Well…my tears were real when Stefan was in prison.
You want us to cry on him?
No, Elena said, not quite patiently. But we look like ghosts — let’s act like them.
Try blowing on the back of his neck.
Bonnie did, and they both watched Alaric shiver, look around him, draw his windbreaker closer.
“And what about the other deaths in your own expedition?” he asked, huddling, looking around apparently aimlessly.

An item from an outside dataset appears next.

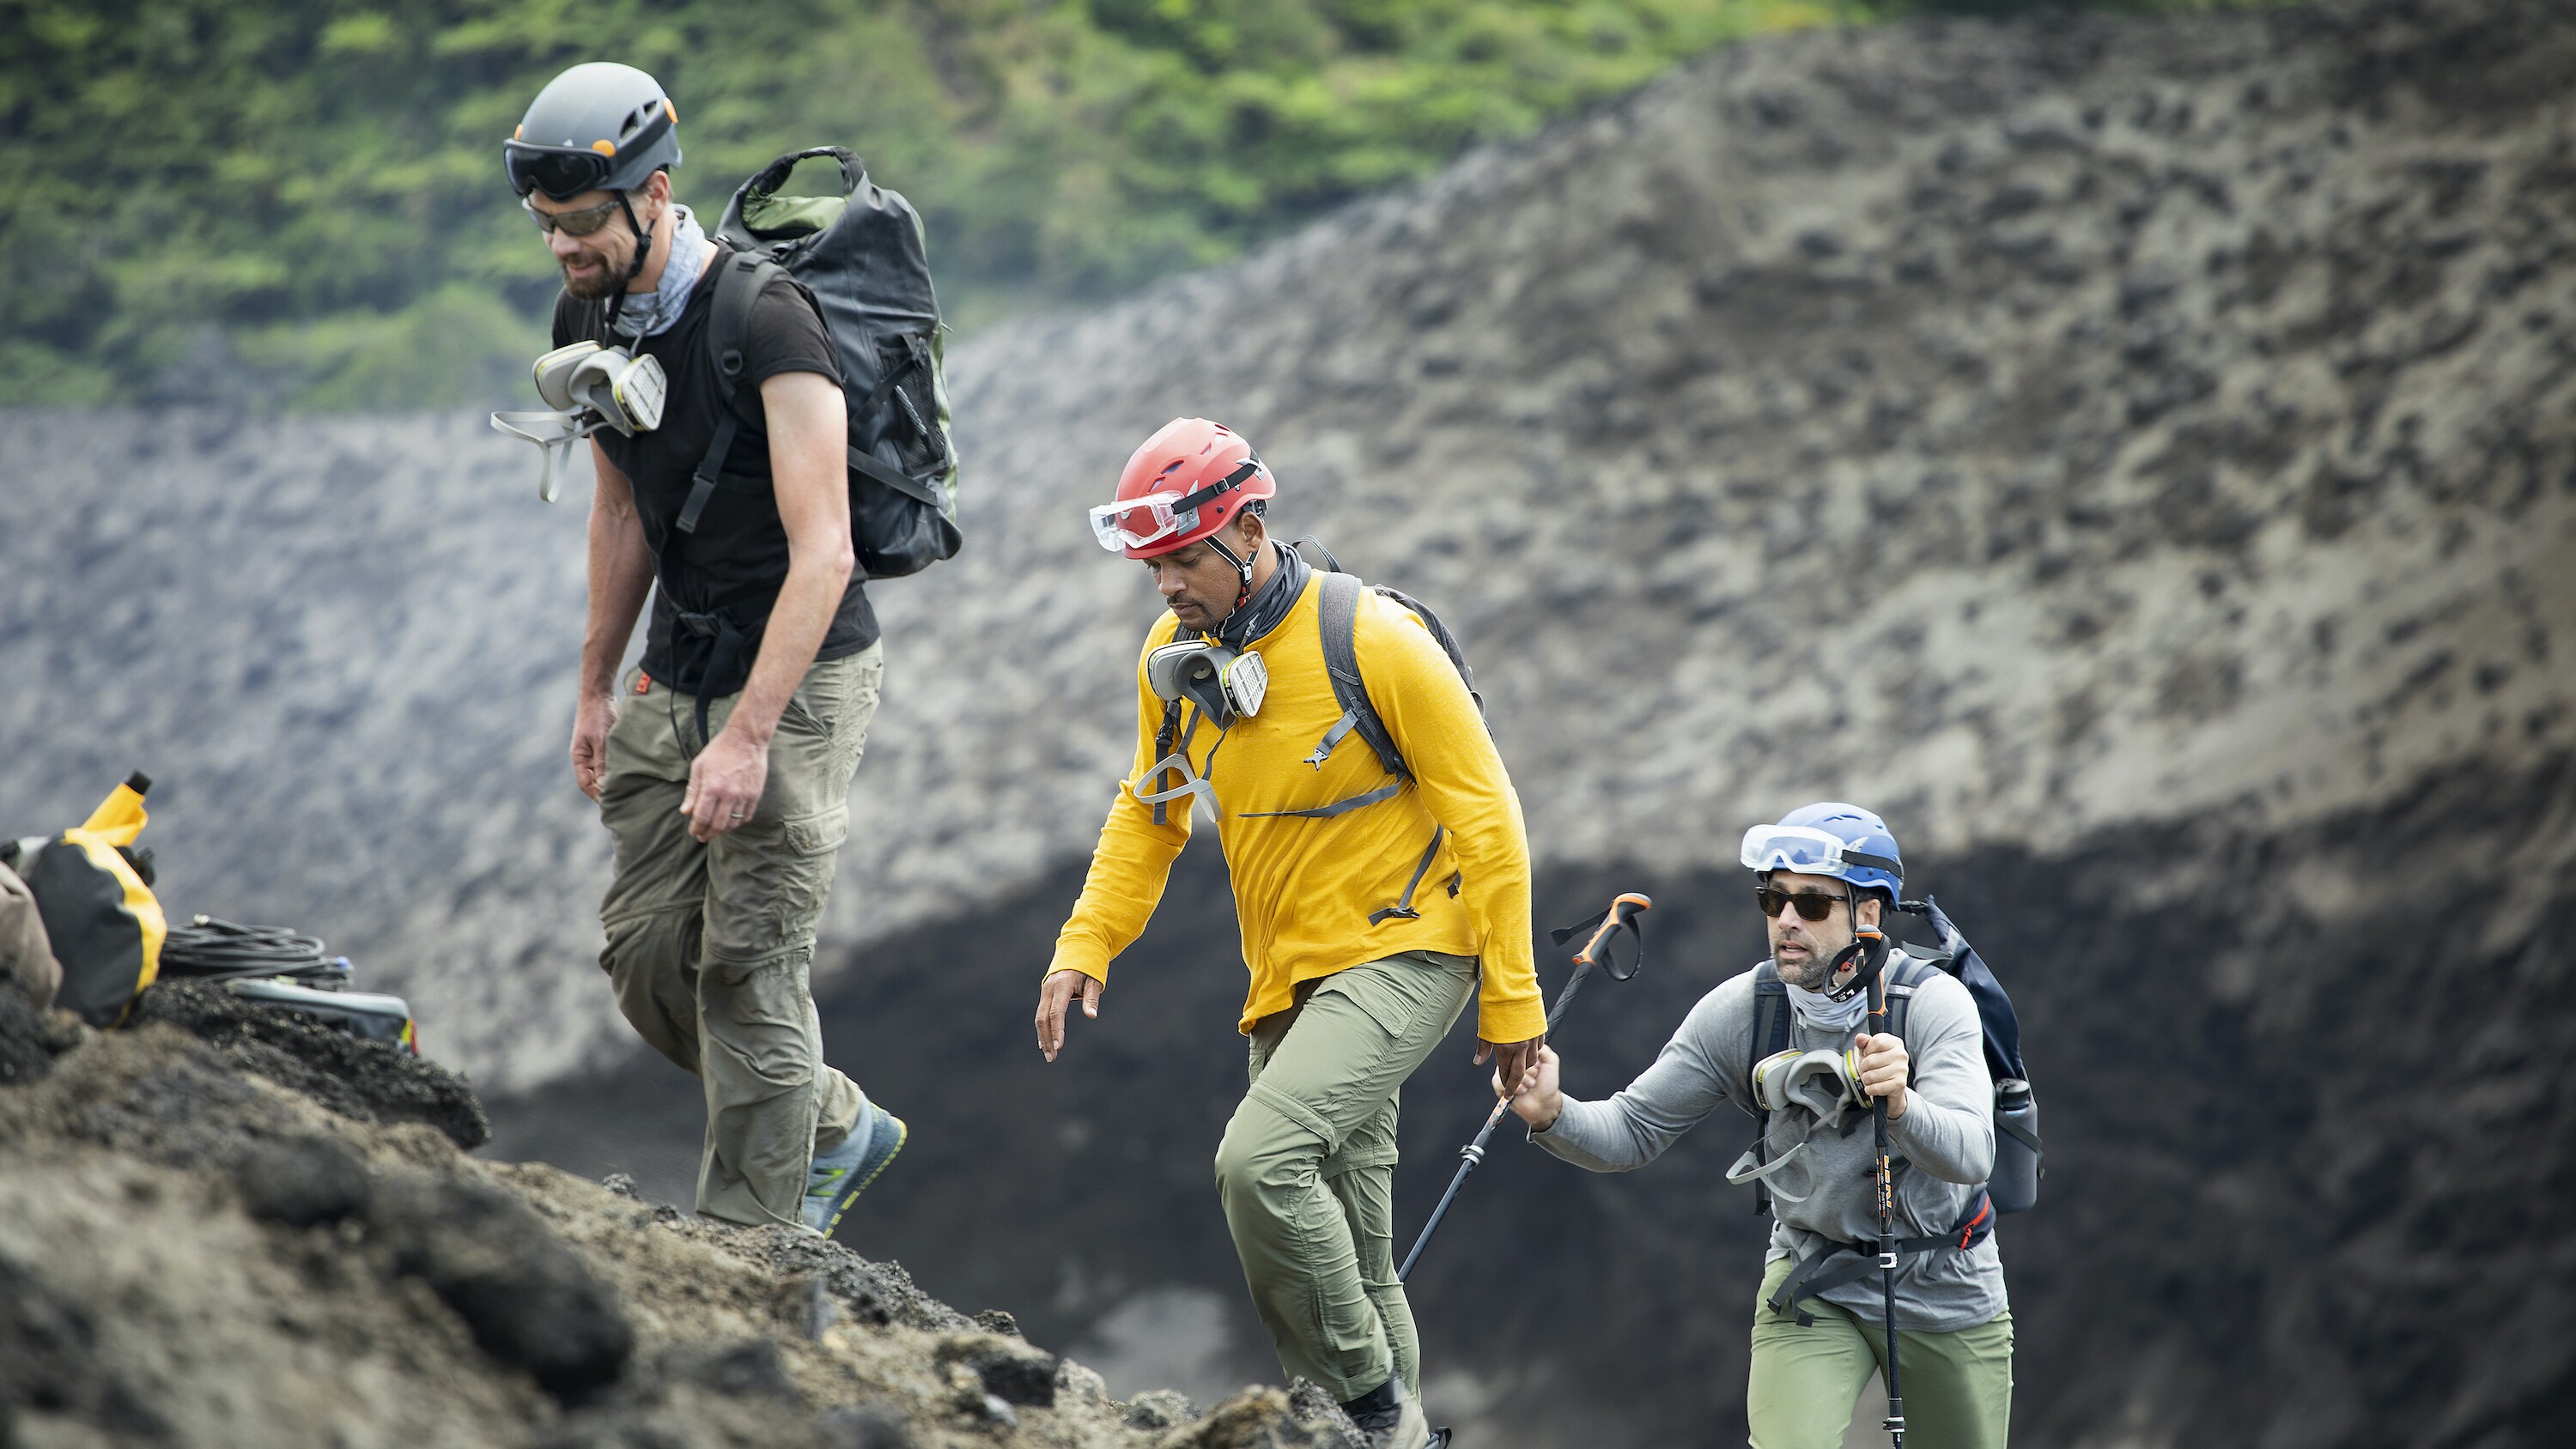 (L to R): Vulcanologist Jeff Johnson, Will Smith and Explorer Erik Weihenmayer prepare to descend into a volcano to install sensors. (National Geographic for Disney+/Kyle Christy)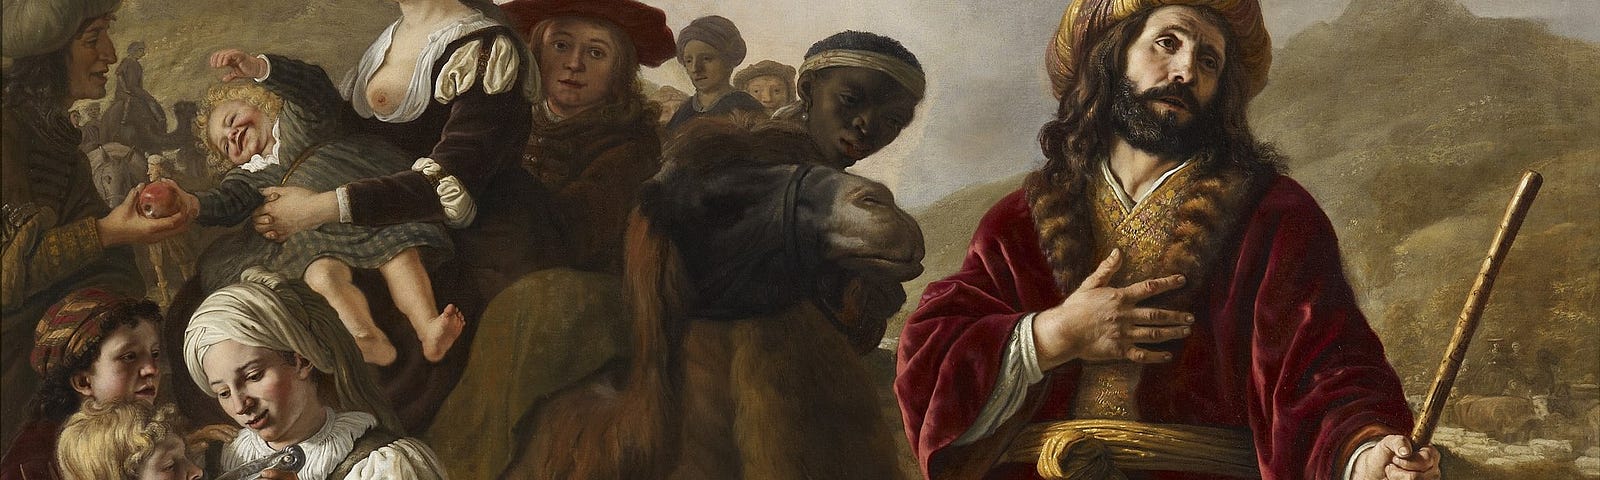 Jacob, a Biblical figure dressed in a red robe holding a gold staff, is on one knee asking his brother, Esau, for forgiveness. He is joined by his family and household, all dressed in medieval-style clothing.

Celia began speaking but neither Elena nor Bonnie was listening. Bonnie kept blowing on Alaric from different directions, herding him to the single window in the building that wasn’t shattered. There Elena had written with her finger on the darkened cold glass. Once she knew that Alaric was looking that way she blew her breath across the sentence: send all pix of jars 2 meredith now! Every time Alaric approached the window she breathed on it to refresh the words.
And at last he saw it.
He jumped backward nearly two feet. Then he slowly crept back to the window.
Elena refreshed the writing for him. This time, instead of jumping, he simply ran a hand over his eyes and then slowly peeked out again.
“Hey, Mr. Spook-chaser,” said Celia. “Are you all right?”
“I don’t know,” Alaric admitted. He passed his hand over his eyes again, but Celia was coming and Elena didn’t breathe on the window.
“I thought I saw a — a message to send copies of the pictures of these jars to Meredith.”
Celia raised an eyebrow. “Who is Meredith?”
“Oh. She — she’s one of my former students. I suppose this would interest her.”
He looked down at the camcorder.
“Bones and urns?”
“Well, you were interested in them quite young, if your reputation is correct.”
“Oh, yes. I loved to watch a dead bird decay, or find bones and try to figure out what animal they were from,” Celia said, dimpling again. “From the age of six. But I wasn’t like most girls.”
“Well — neither is Meredith,” Alaric said.
Elena and Bonnie were eyeing each other seriously now. Alaric had implied that Meredith was special, but he hadn’t said it, and he hadn’t mentioned their engagement to be engaged.
Celia came closer. “Are you going to send her the pictures?”
Alaric laughed. “Well, all this atmosphere and everything — I don’t know. It might just have been my imagination.”